What needs to be done – Omitting all images, transcribe the listing word for word.

Data extract –
※

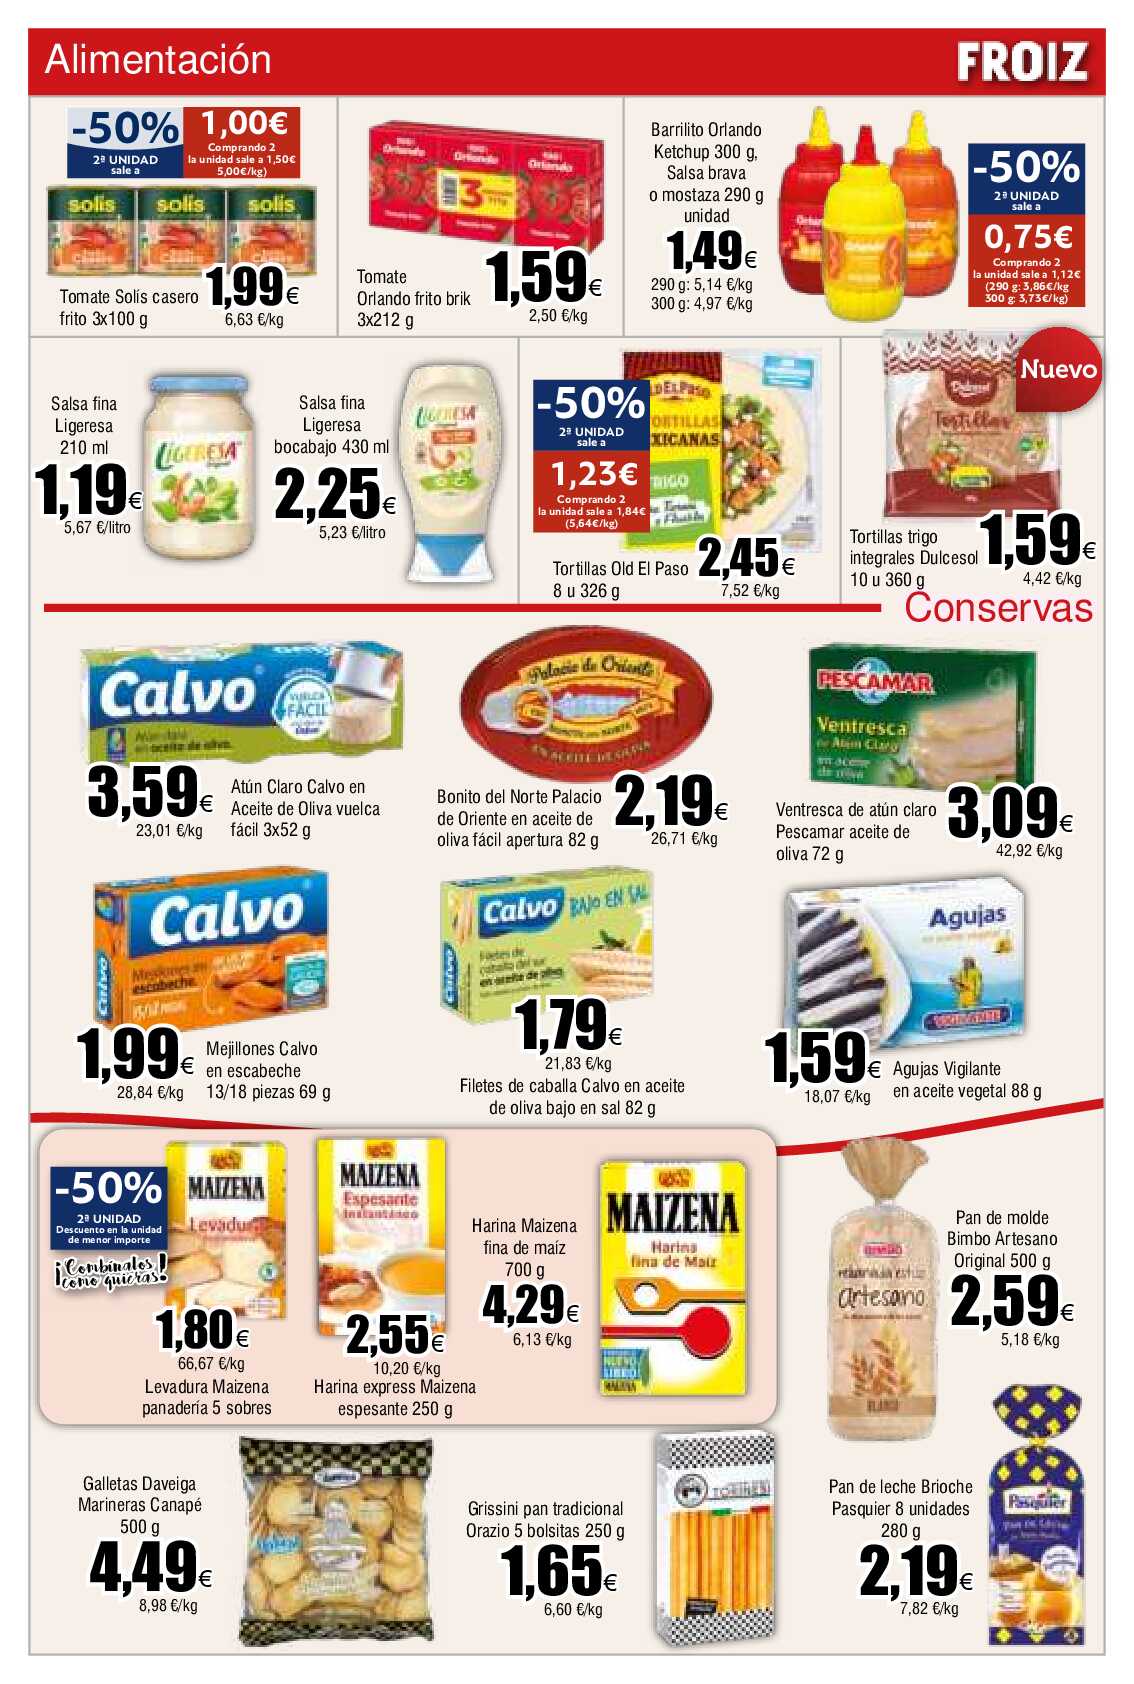 Ofertas supermercado Froiz. Página 11
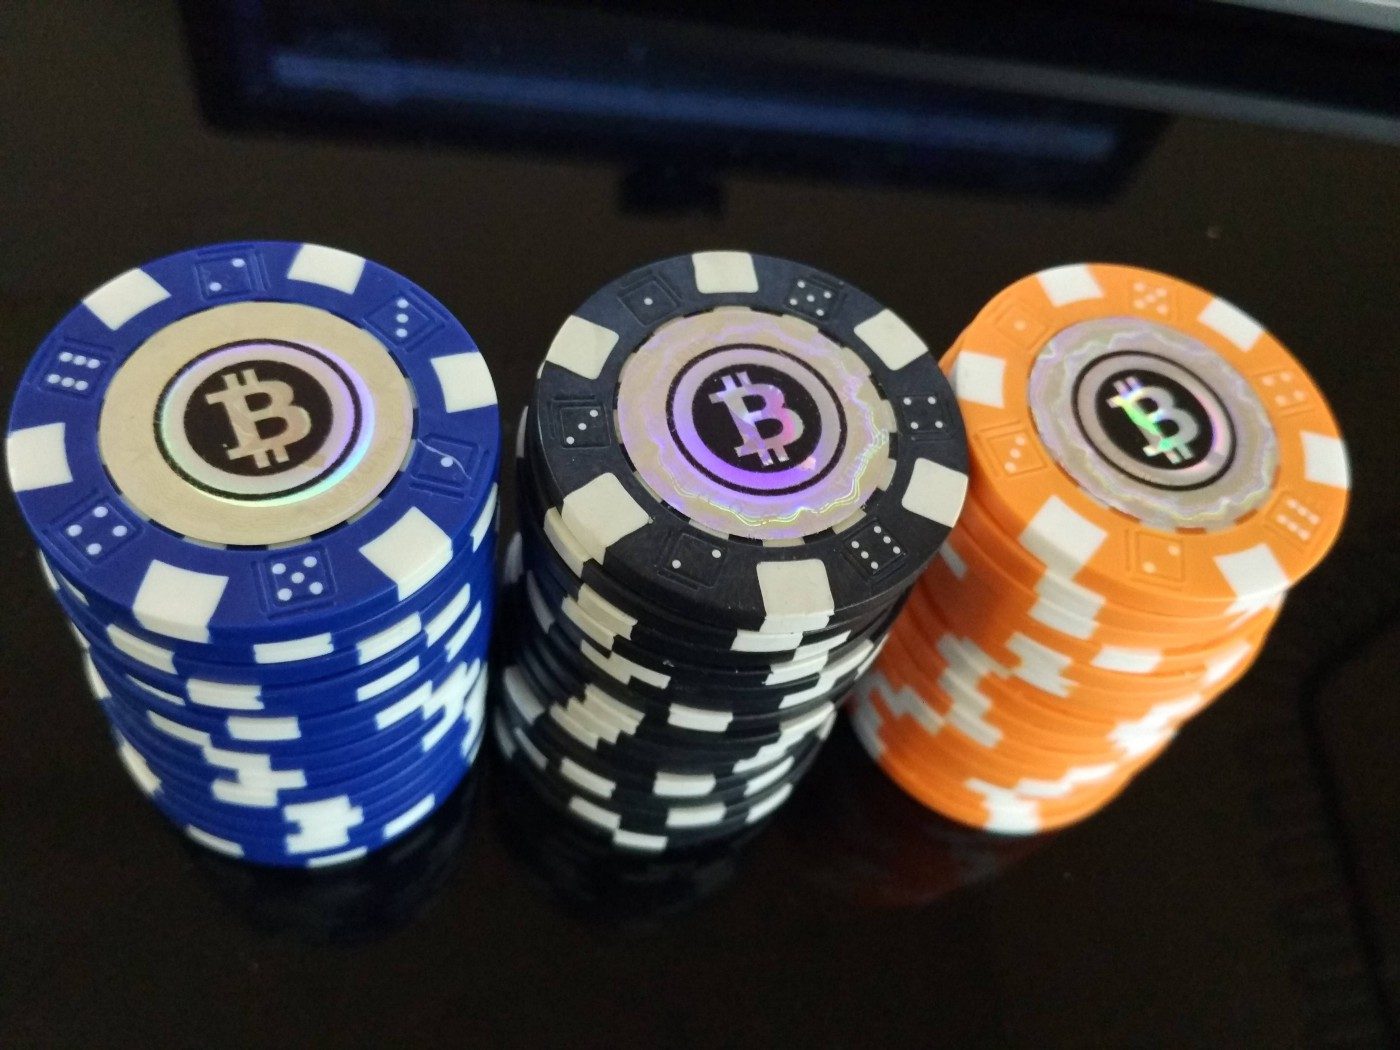 btc poker blog themes
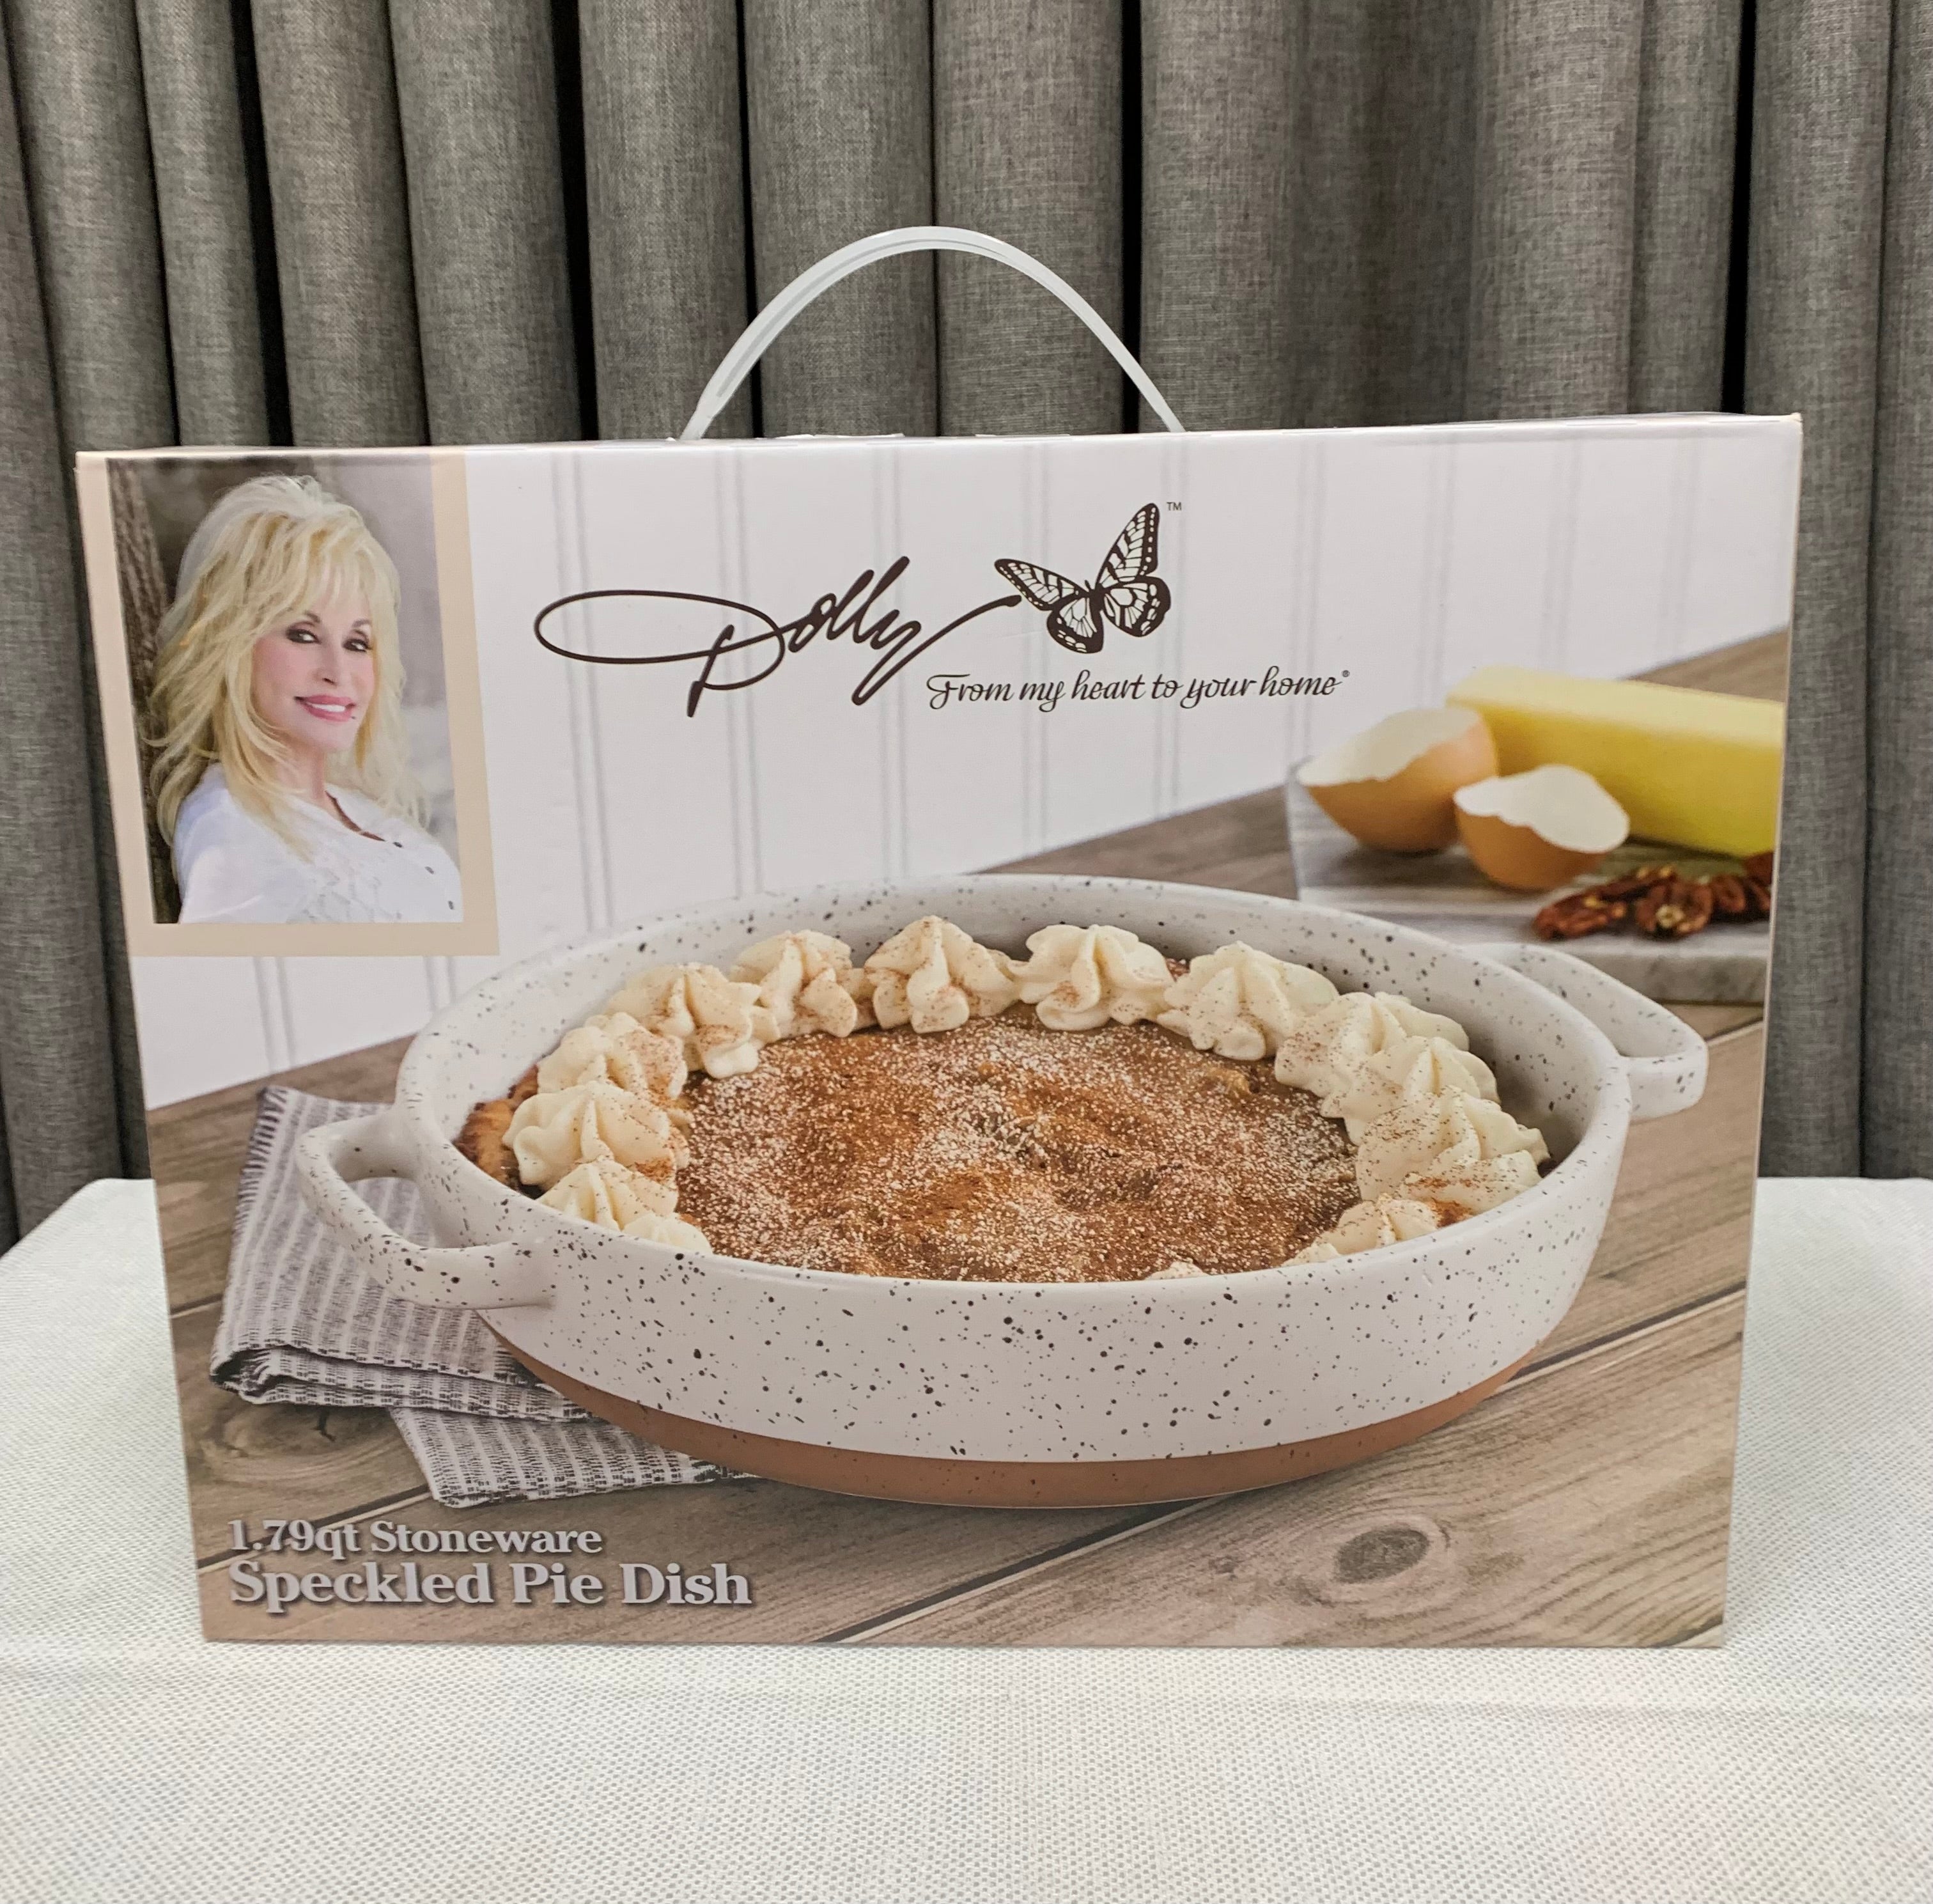 Dolly Parton 1.79qt Stoneware Speckled Pie Dish

※

Answer for this exercise –
 Ofertas supermercado Froiz. Página 11
 btc poker blog themes
 Dolly Parton 1.79qt Stoneware Speckled Pie Dish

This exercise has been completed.